Worum geht es in der Seminararbeit grundlegend?

Die Arbeit vergleicht die deutsche Frühjahrsoffensive 1918 („Michaelsoffensive“) und die Ardennenoffensive 1944 („Wacht am Rhein“), um Gemeinsamkeiten und Unterschiede in ihrer Planung und Durchführung aufzuzeigen.

Welche zentralen Themenfelder stehen im Mittelpunkt?

Die zentralen Themen umfassen die militärische Ausgangslage, die strategische Planung, den tatsächlichen Verlauf der Angriffe sowie die Analyse der Ursachen für das Scheitern beider Operationen.

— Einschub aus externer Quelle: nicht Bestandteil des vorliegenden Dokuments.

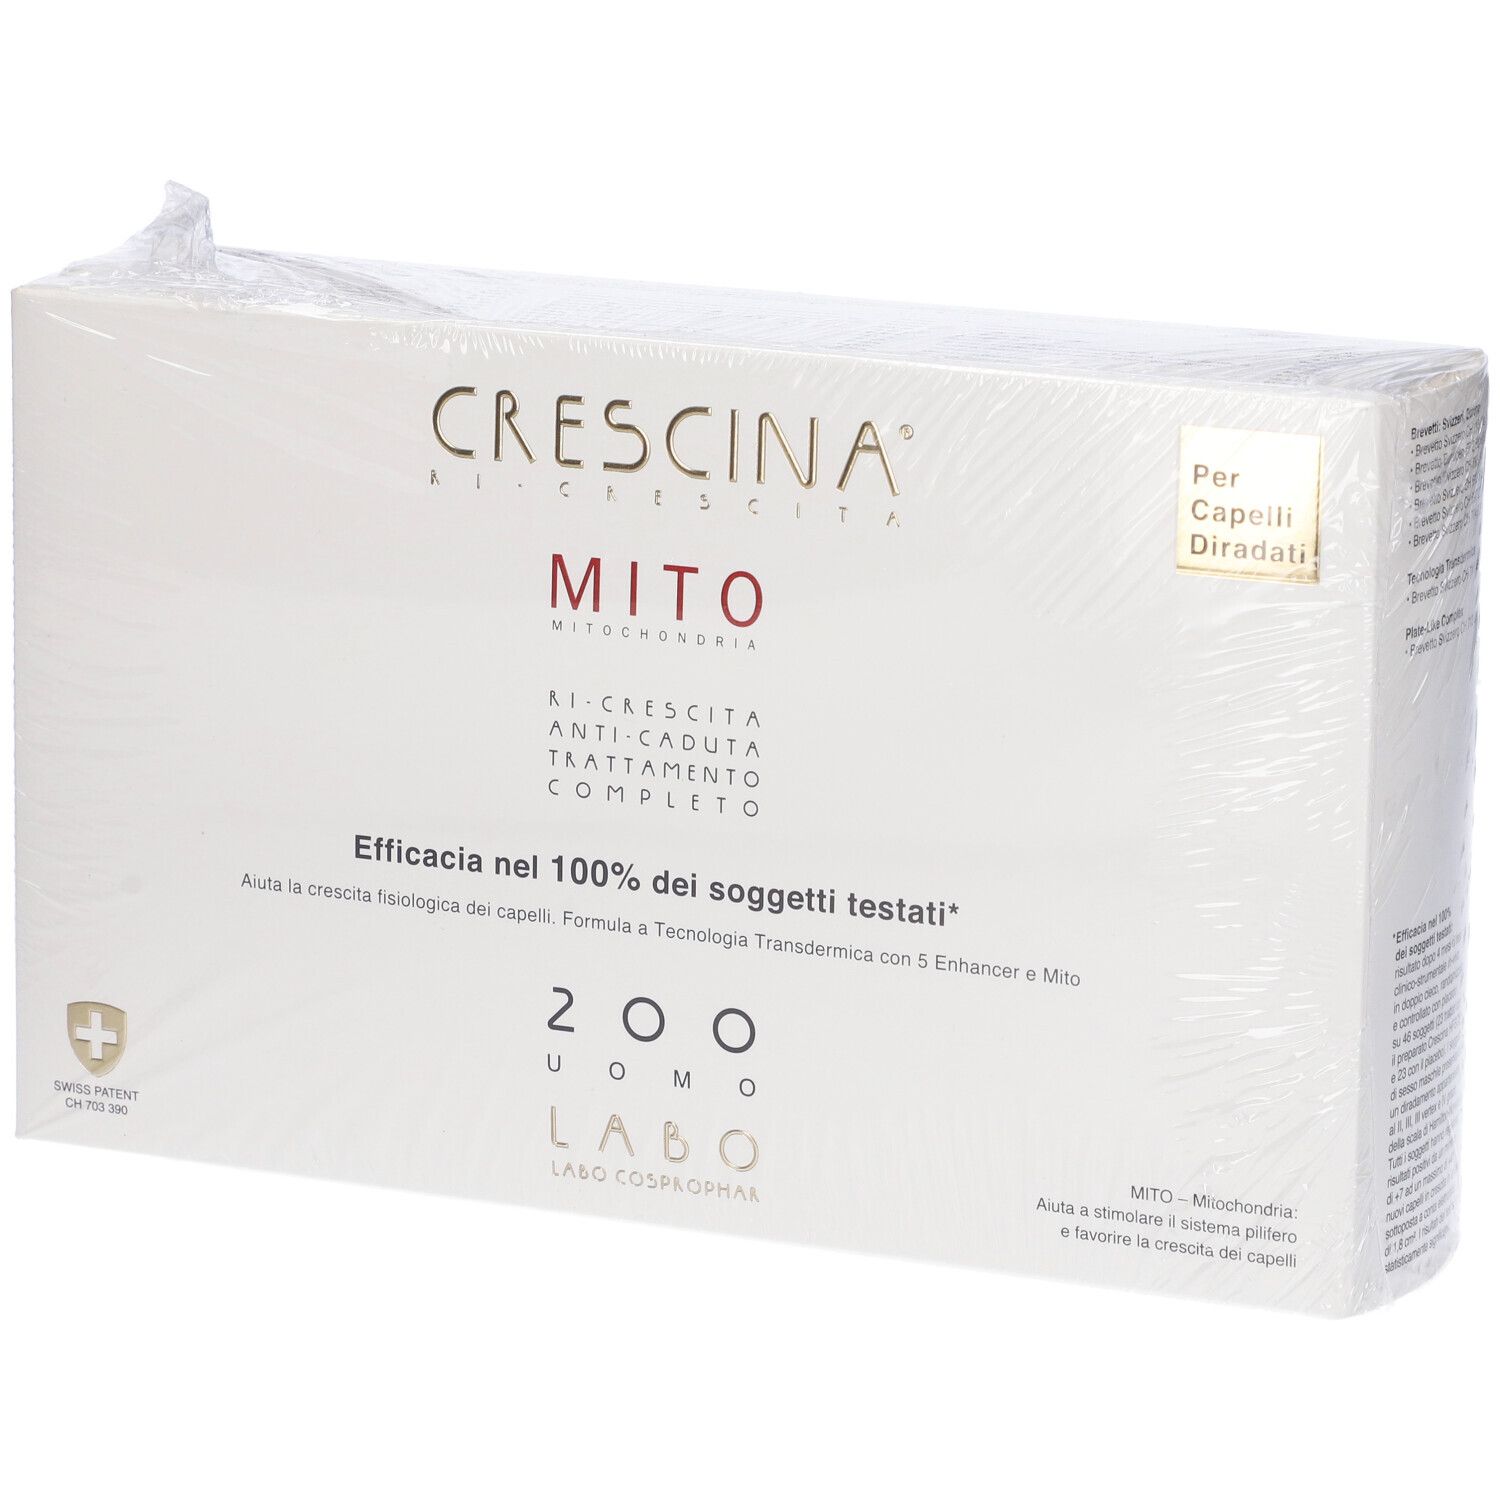 CRESCINA® Transdermic Ri-Crescita MITO + Anti-Caduta MITO Trattamento 200 Uomo 10 + 10 Fiale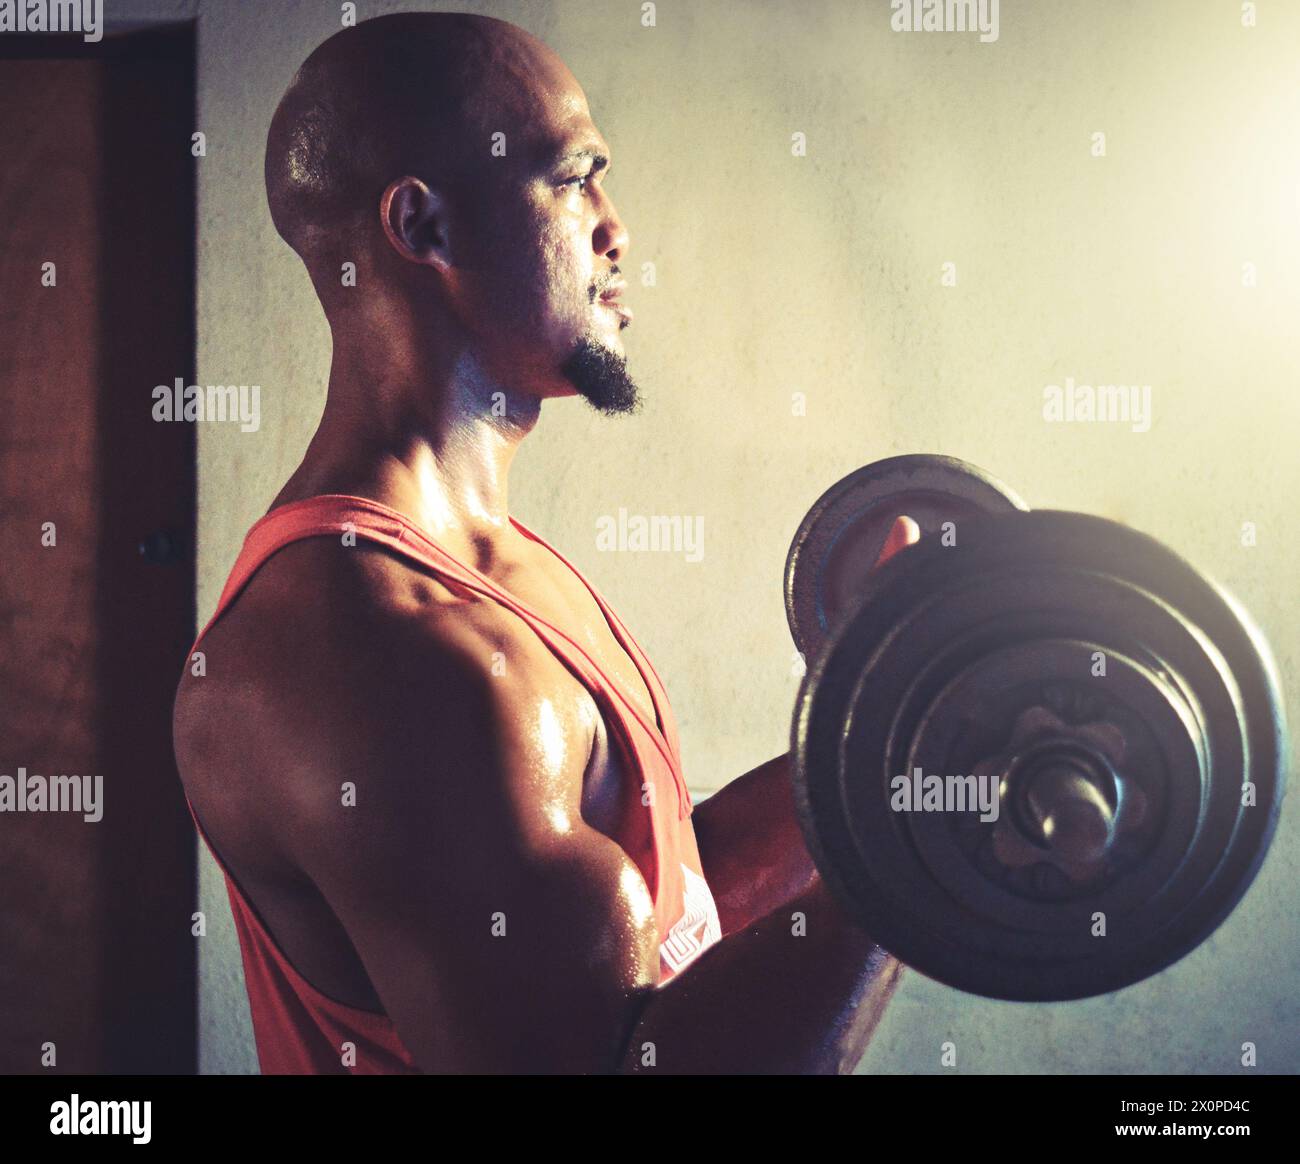 Uomo, bicipite e sollevamento pesi in palestra per la potenza, l'esercizio fisico e l'allenamento per muscoli forti del braccio. Persona maschile nera, profilo e atleta per fitness e. Foto Stock

Was ist das primäre Ziel der Arbeit?

Das primäre Ziel ist es zu untersuchen, ob es sich bei diesen beiden militärischen Unternehmungen um letzte, verzweifelte Versuche handelte, den Ausgang des jeweiligen Weltkrieges noch zugunsten Deutschlands zu beeinflussen.

Welche methodische Vorgehensweise wählt der Autor?

Der Autor nutzt einen strukturierten Vergleich entlang definierter Kategorien: Ausgangslage, Planung und Vorbereitung, Verlauf der Offensive sowie Ergebnis und Kritik.

Was behandelt der Hauptteil der Arbeit?

Der Hauptteil analysiert detailliert die „Michaelsoffensive“ von 1918 und das Unternehmen „Wacht am Rhein“ von 1944 anhand der gewählten Vergleichskategorien und führt diese im vierten Kapitel zusammen.

Durch welche Schlüsselwörter lässt sich die Arbeit am besten charakterisieren?

Die Arbeit lässt sich durch Begriffe wie militärischer Vergleich, strategisches Scheitern, deutsche Offensive, Materialmangel und historische Einordnung des Kriegsverlaufs charakterisieren.

Wie bewertet der Autor die Bedeutung der amerikanischen Unterstützung für das Scheitern der Offensiven?

Der Autor stellt fest, dass der wachsende Einfluss der USA – sowohl in Form von Truppenpotenzial 1918 als auch durch die physische Präsenz der GIs 1944 – ein entscheidender Faktor war, der die deutschen Erfolgsaussichten maßgeblich schmälerte.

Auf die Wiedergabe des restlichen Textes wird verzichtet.